How To Find Velocity On A Graph

It was learned earlier in Lesson iv that the gradient of the line on a velocity versus fourth dimension graph is equal to the acceleration of the object. If the object is moving with an dispatch of +4 yard/s/s (i.due east., changing its velocity past four m/due south per second), then the slope of the line will be +4 1000/s/s. If the object is moving with an acceleration of -8 thou/southward/s, then the gradient of the line will be -8 m/s/s. If the object has a velocity of 0 m/s, then the slope of the line will be 0 m/s. Because of its importance, a pupil of physics must have a skillful understanding of how to calculate the slope of a line. In this part of the lesson, the method for determining the slope of a line on a velocity-time graph will be discussed.

Let'due south begin by considering the velocity versus fourth dimension graph beneath.

The line is sloping upwards to the right. Just mathematically, past how much does it slope upwards for every 1 second along the horizontal (fourth dimension) axis? To answer this question we must use the slope equation.

Using the Slope Equation

The slope equation says that the slope of a line is plant by determining the amount of rising of the line betwixt whatever two points divided past the corporeality of run of the line between the aforementioned two points. A method for conveying out the calculation is

Option two points on the line and determine their coordinates.
Decide the difference in y-coordinates for these two points (rising).
Determine the divergence in ten-coordinates for these 2 points (run).
Divide the departure in y-coordinates by the difference in ten-coordinates (rise/run or slope).
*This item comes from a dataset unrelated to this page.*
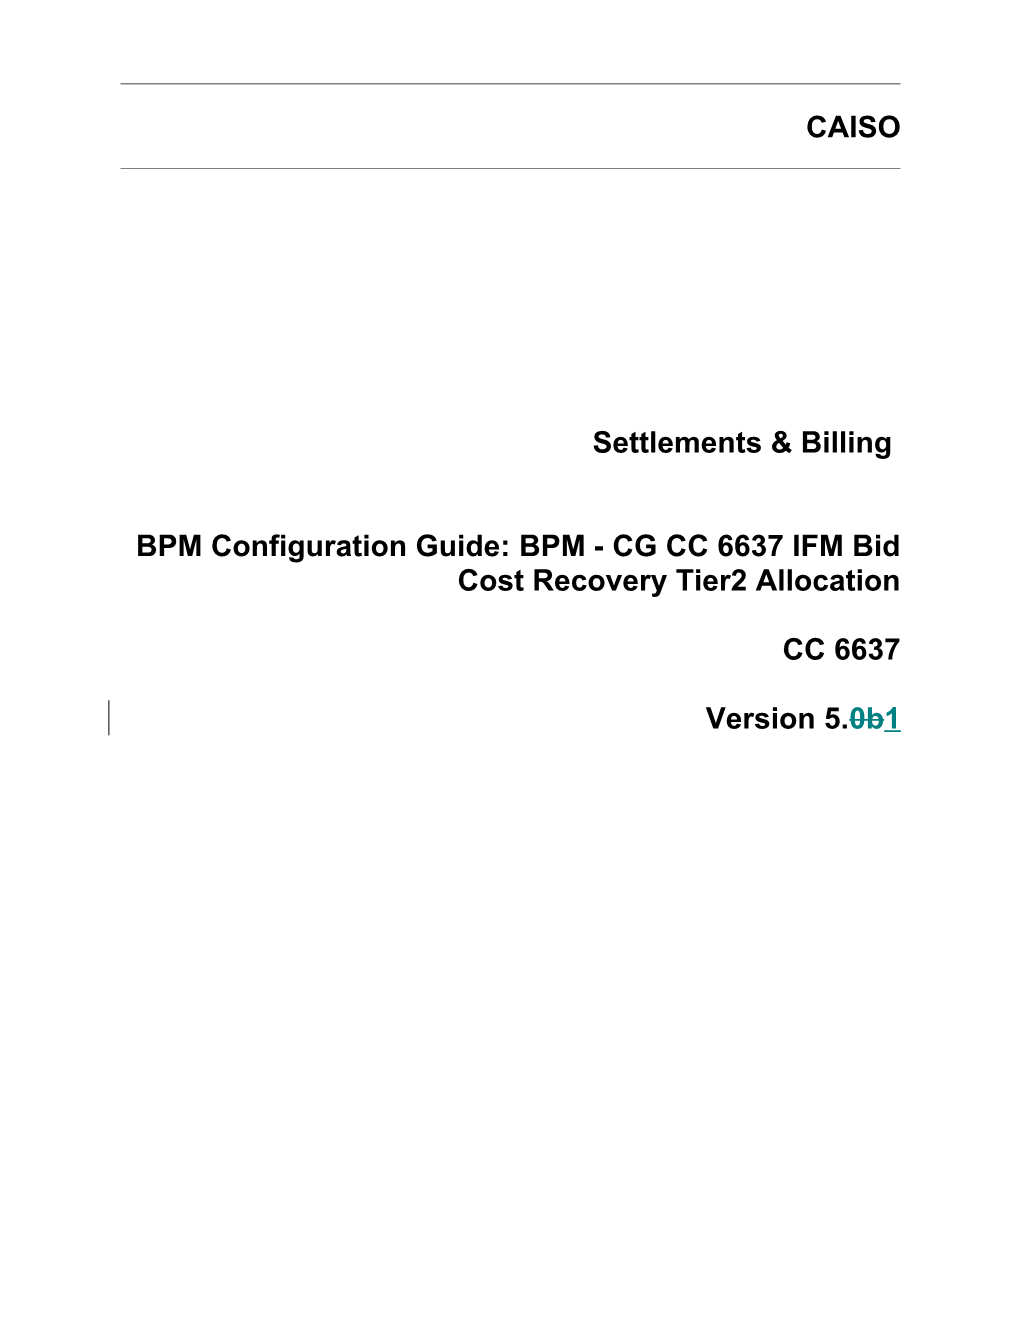 BPM - CG CC 6637 IFM Bid Cost Recovery Tier2 Allocation

The calculations beneath shows how this method can be applied to make up one's mind the slope of the line. Annotation that three unlike calculations are performed for 3 unlike sets of ii points on the line. In each case, the upshot is the same: the slope is 10 one thousand/s/s.

For points (5 s, 50 thousand/s) and (0 southward, 0 thousand/s):

Slope = (50 thou/south - 0 m/southward) / (5 due south - 0 southward) = 10 one thousand/s/due south

For points (5 due south, l m/s) and (2 s, 20 chiliad/south):

Slope = (fifty m/s - 20 m/due south) / (5 s - ii s) = 10 one thousand/s/due south

For points (4 s, twoscore thousand/s) and (3 due south, 30 m/s):

Gradient = (xl m/s - thirty yard/south) / (4 due south - 3 southward) = 10 g/southward/s

Observe that regardless of which 2 points on the line are chosen for the slope calculation, the event remains the same - ten m/s/s.

Cheque Your Understanding

Consider the velocity-time graph below. Determine the acceleration (i.due east., slope) of the object equally portrayed past the graph. Use the button to view the answer.

We Would Similar to Propose ...

Sometimes it isn't plenty to just read about it. You accept to collaborate with it! And that'south exactly what you do when you employ i of The Physics Classroom's Interactives. We would like to suggest that you combine the reading of this folio with the use of our Two Stage Rocket Interactive. This Interactive is institute in the Physics Interactives department of our website and allows a learner to apply the skill of computing slopes and relating them to acceleration values for a 2-stage rocket.